--- WHAT THE TASK REQUIRES ---
Once the images are set aside, output the listing exactly as it stands.

*** RECORDED INFORMATION ***

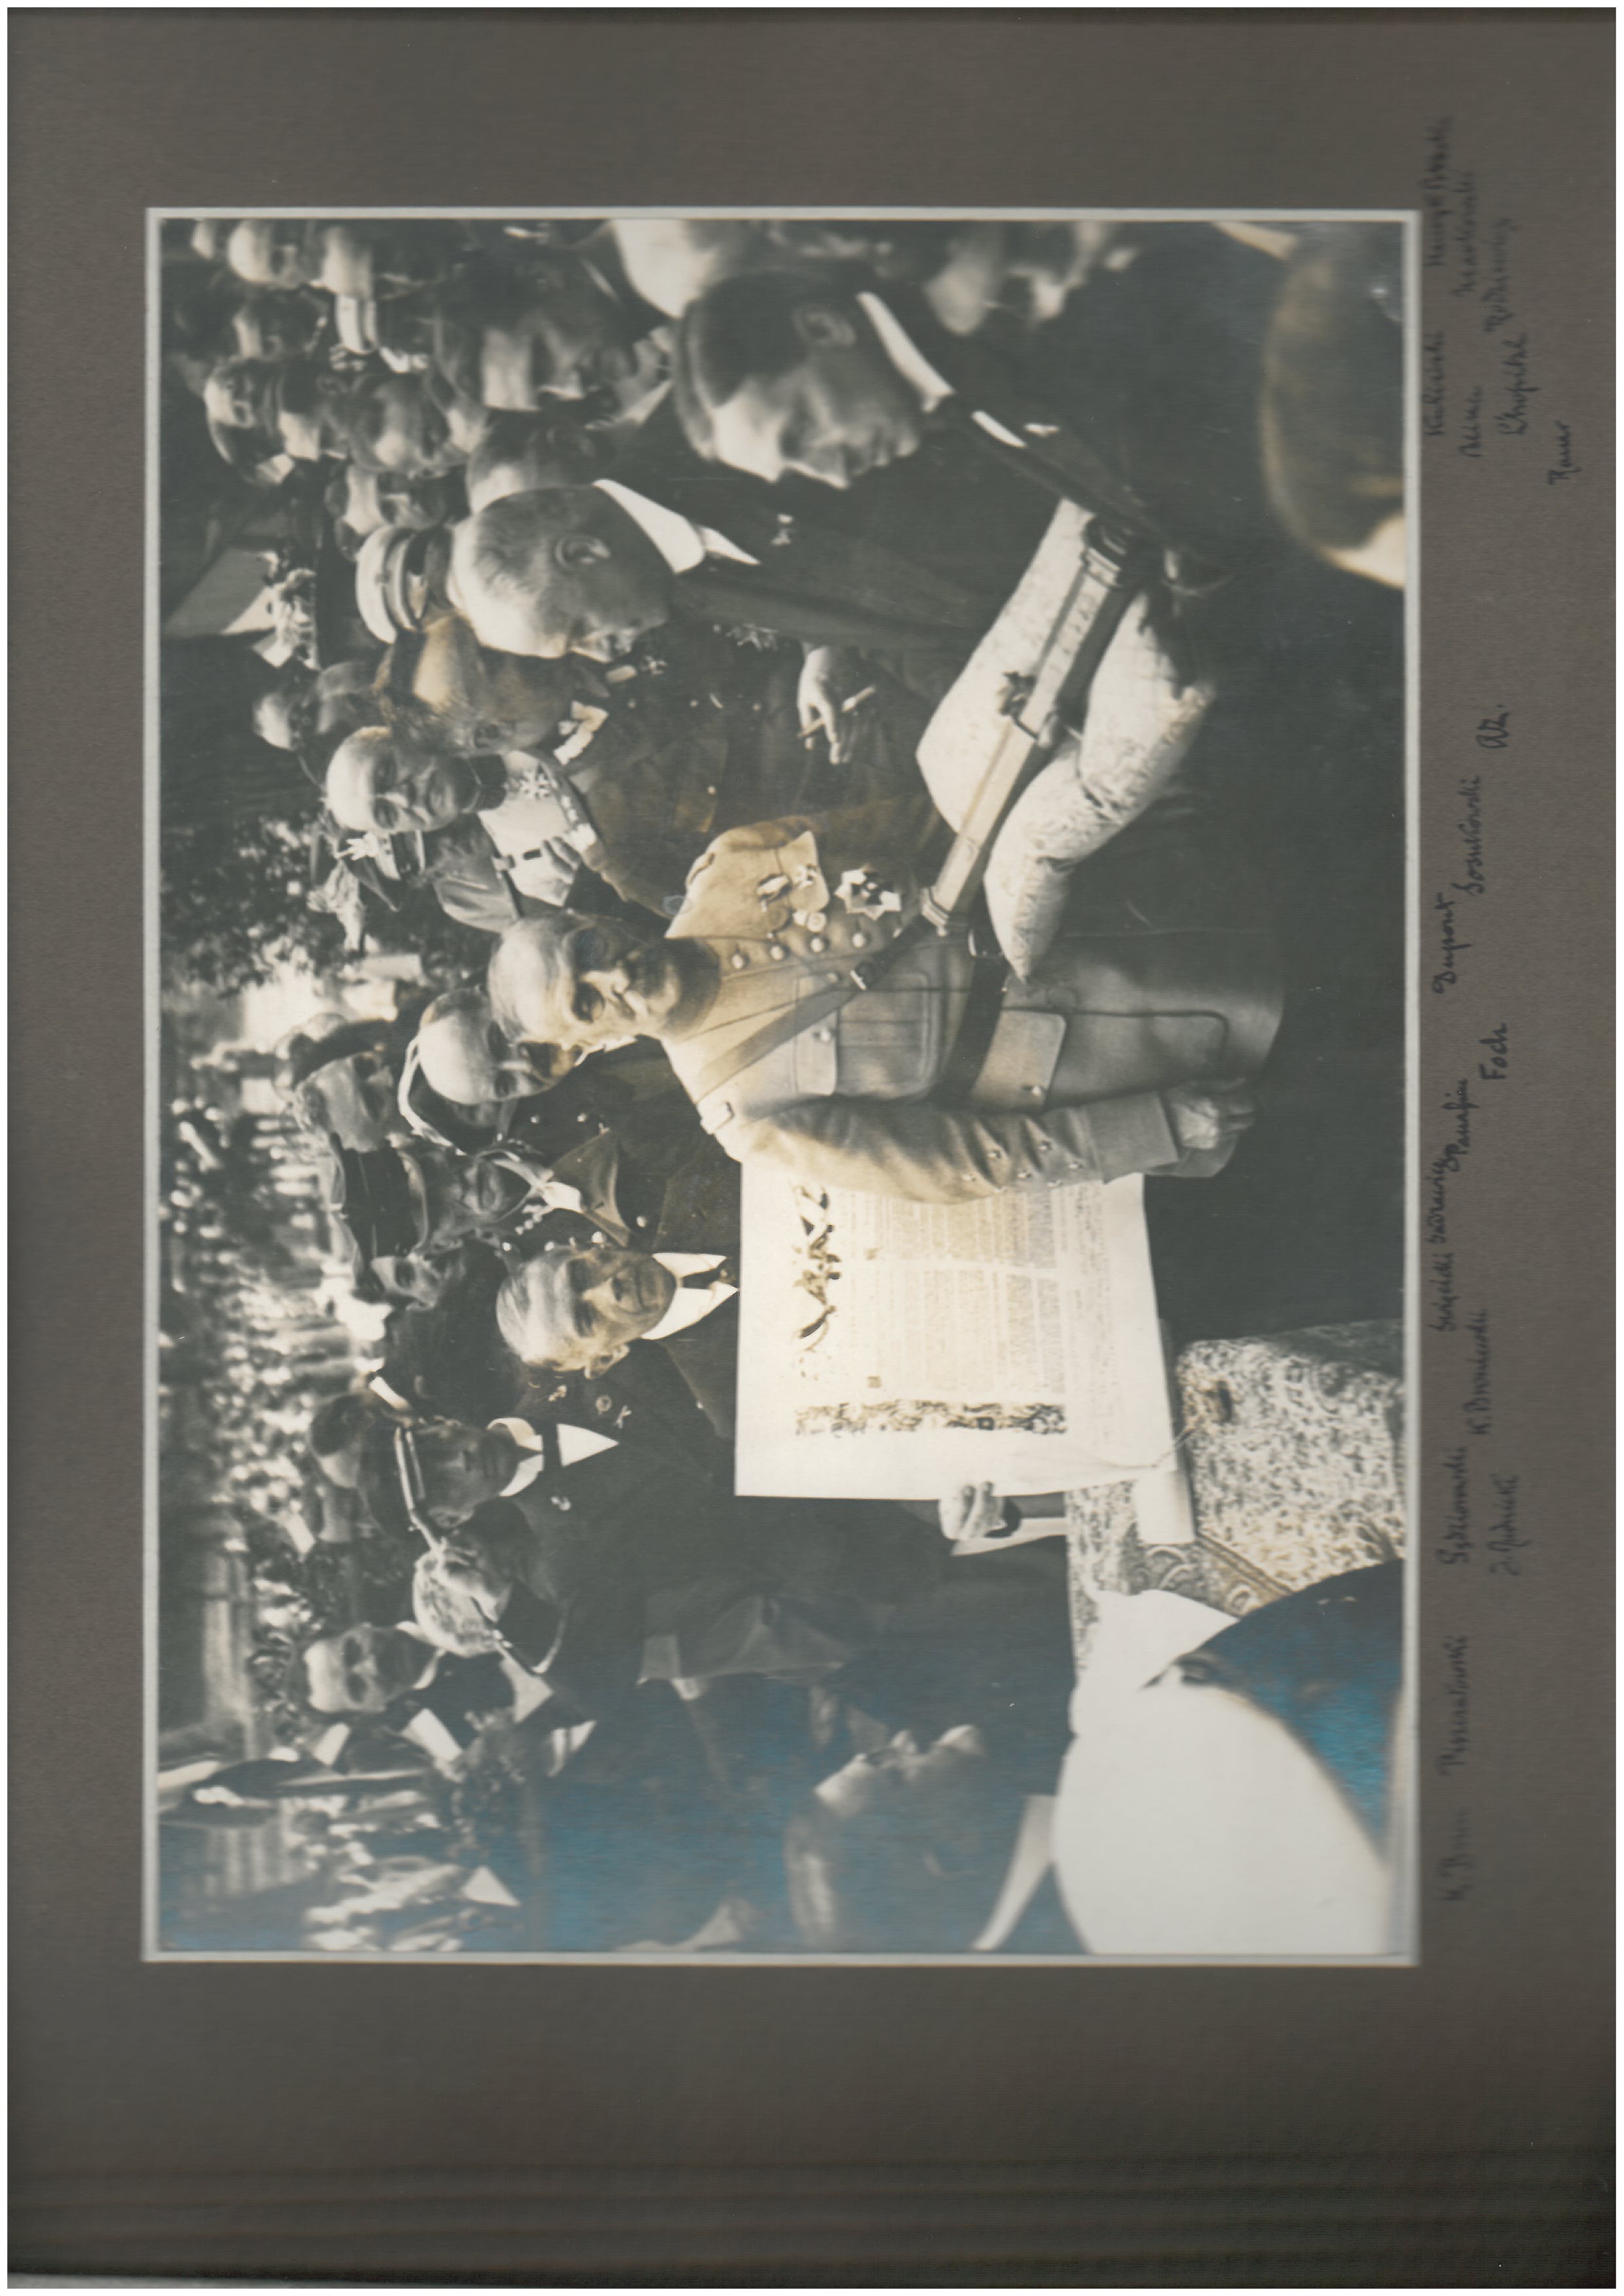 Zdjęcie jednej z kart w albumie pamiątkowym – na ciemnym tle naklejone zdjęcie archiwalne, czarno-białe, przedstawiające grupę mężczyzn w różnym wieku w . Pośrodku starszy mężczyzna w mundurze wojskowym z różnymi odznaczeniami na lewej piersi. Obok niego, nieco z przodu mężczyzna w garniturze trzymający na ozdobnej poduszce futerał; za nim mężczyzna trzymający ozdobny afisz z tekstem w języku polskim i francuskim.
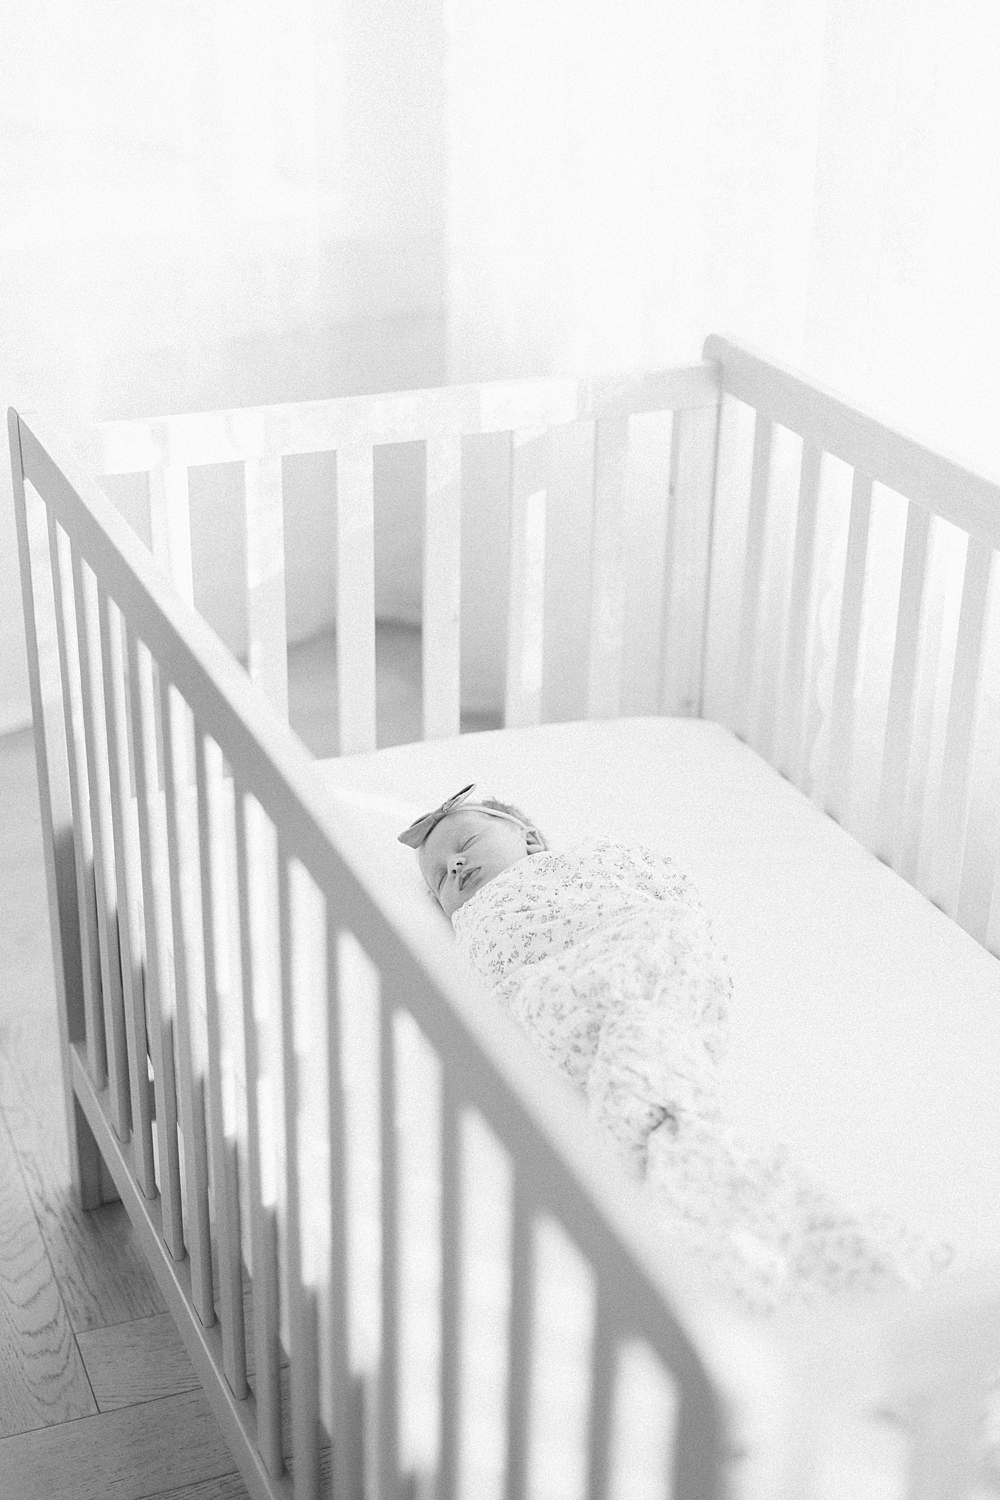 Baby M | Best Utah Newborn Photographer
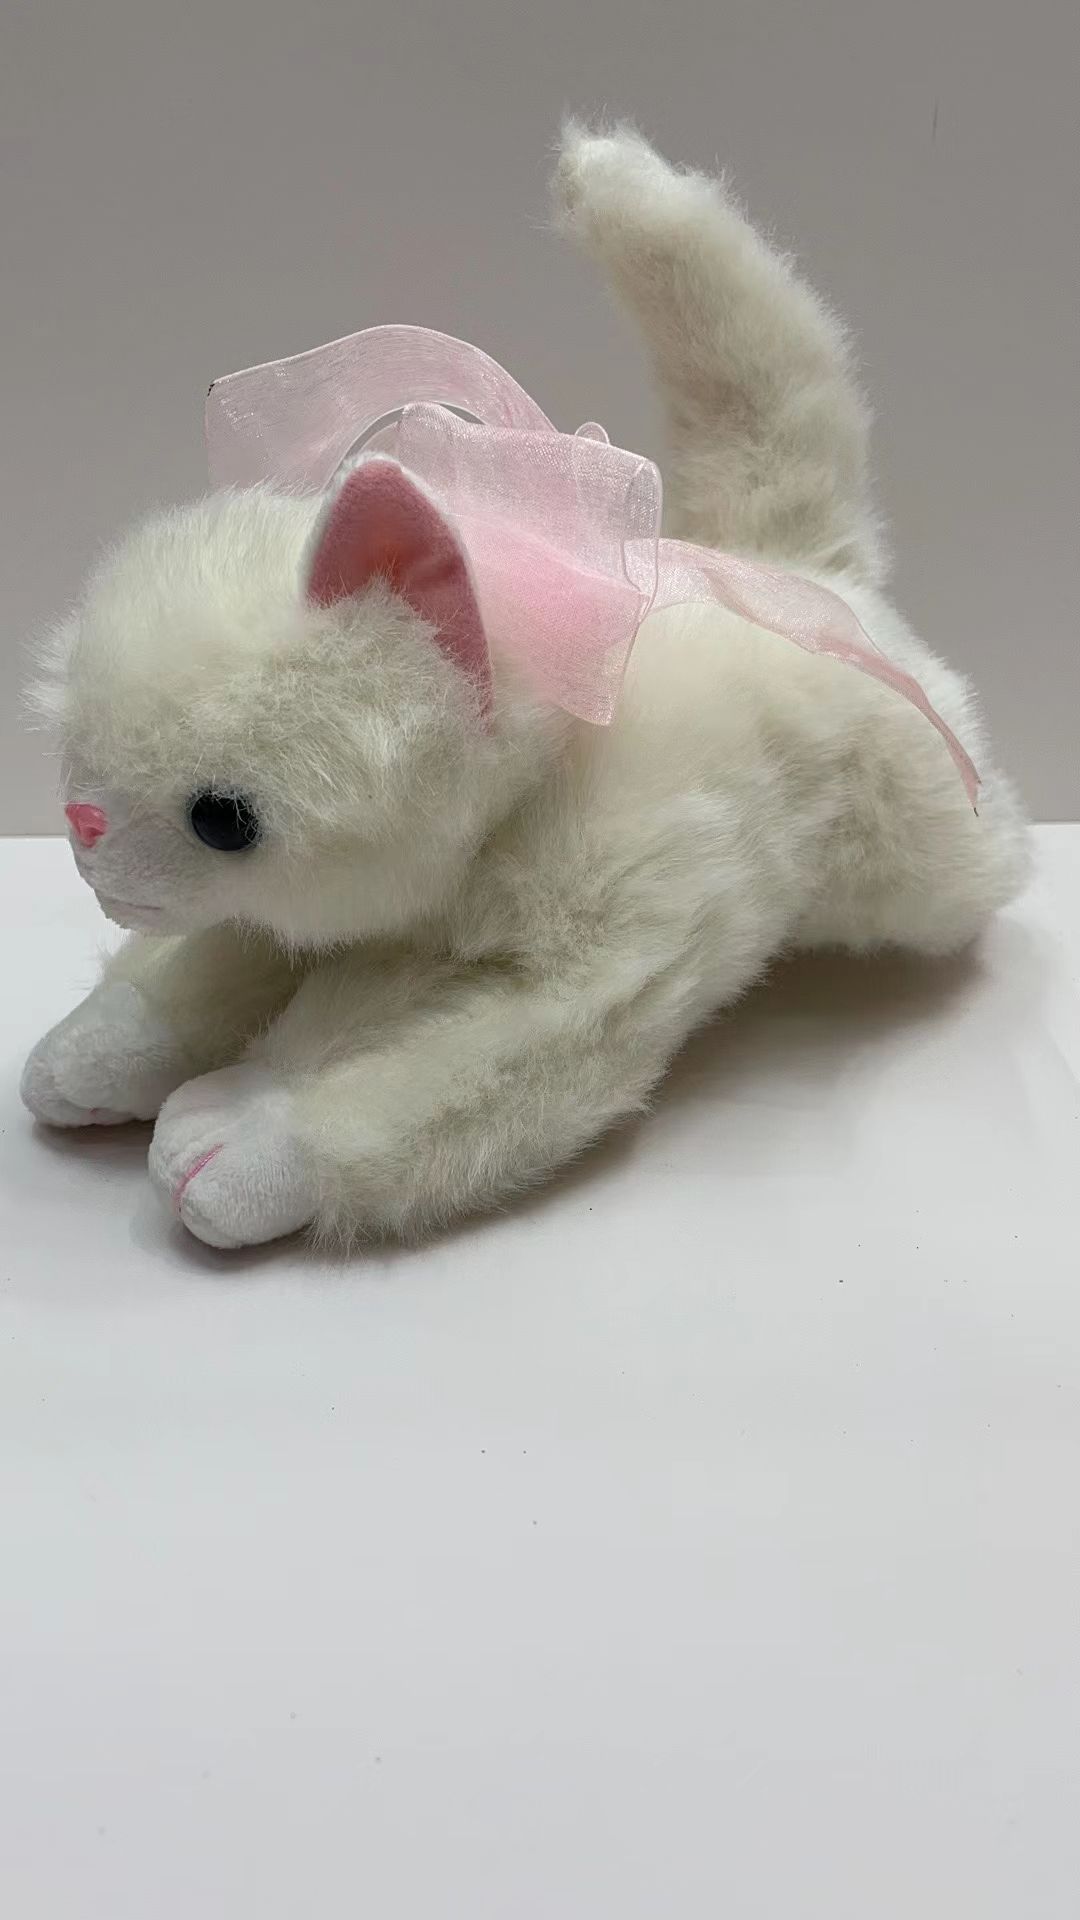 毛绒公仔  婴幼儿玩具  单色单款  白色趴猫浩翔玩具01图

*** End of RECORDED INFORMATION ***

--- THE ANSWER ---
 Zdjęcie jednej z kart w albumie pamiątkowym – na ciemnym tle naklejone zdjęcie archiwalne, czarno-białe, przedstawiające grupę mężczyzn w różnym wieku w . Pośrodku starszy mężczyzna w mundurze wojskowym z różnymi odznaczeniami na lewej piersi. Obok niego, nieco z przodu mężczyzna w garniturze trzymający na ozdobnej poduszce futerał; za nim mężczyzna trzymający ozdobny afisz z tekstem w języku polskim i francuskim.
 Baby M | Best Utah Newborn Photographer
 毛绒公仔  婴幼儿玩具  单色单款  白色趴猫浩翔玩具01图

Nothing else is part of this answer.